Even assuming that either § 460a-3 or § 460a-8 confers general authority on NPS to grant
oil and gas rights-of-way through Blue Ridge Parkway property, we conclude that NPS
has acted arbitrarily and capriciously by failing to explain why ACP’s pipeline is not
inconsistent with parkway purposes.
Our analysis begins with the text. Section 460a-3 provides that:
In the administration of the Blue Ridge Parkway, the Secretary of the
Interior may issue revocable licenses or permits for rights-of-way over,
across, and upon parkway lands, or for the use of parkway lands by the
owners or lessees of adjacent lands, for such purposes and under such
nondiscriminatory terms, regulations, and conditions as he may determine
to be not inconsistent with the use of such lands for parkway purposes.
16 U.S.C. § 460a-3.
Section 460a-8 provides that:
The Secretary of the Interior may issue revocable licenses or permits for
rights-of-way over, across, and upon parkway lands, or for the use of
parkway lands by the owners or lessees of adjacent lands, or for such
51
purposes and under such terms and conditions as he may determine to be
consistent with the use of such lands for parkway purposes.
16 U.S.C. § 460a-8.
To discern the scope of these two virtually identical provisions, we must
determine how they interact with one another.

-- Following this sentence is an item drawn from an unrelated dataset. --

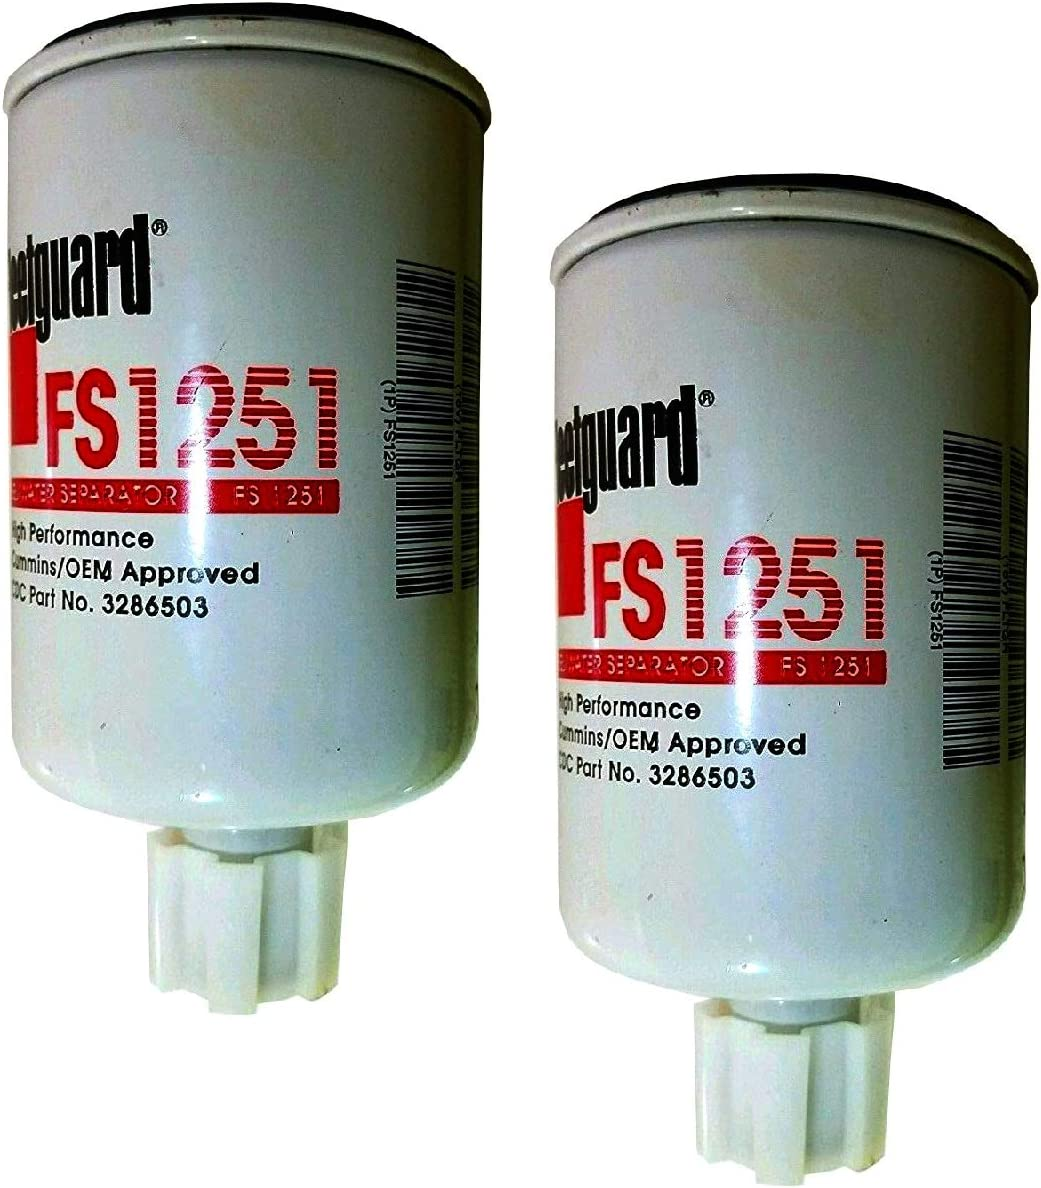 FS1251 Fleetguard Fuel Water Sep Pack of 2

NPS and ACP argue that § 460a-8 is
broader than § 460a-3 because the former places an “or” in front of “for such purposes
and under such terms and conditions as he may determine to be consistent with . . .

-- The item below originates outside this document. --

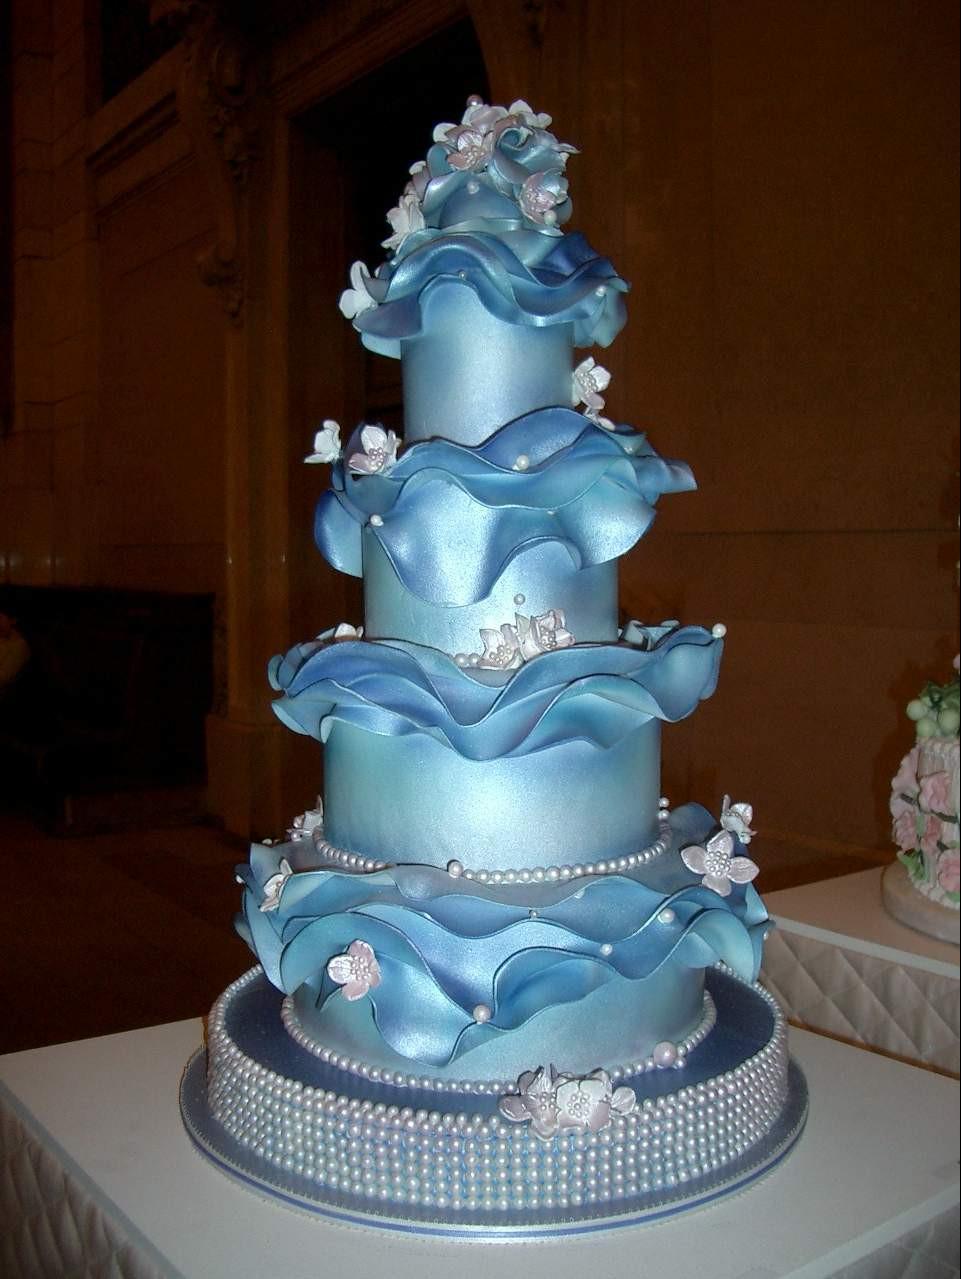 Wedding Cakes Blogs  Elexia s blog cake boss wedding cakes

parkway purposes.” Thus, NPS and ACP read § 460a-8 as authorizing three types of
permits: (1) permits for rights-of-way over, across, and upon parkway lands; (2) permits
for the use of parkway lands by the owners or lessees of adjacent lands; and (3) permits
for other purposes that the agency determines to be consistent with parkway objectives.
Meanwhile, because § 460a-3 lacks the final disjunctive “or,” it would only authorize two
types of permits, both of which must be consistent with parkway purposes: (1) permits
for rights-of-way over, across, and upon parkway lands and (2) permits for the use of
parkway lands by the owners or lessees of adjacent lands.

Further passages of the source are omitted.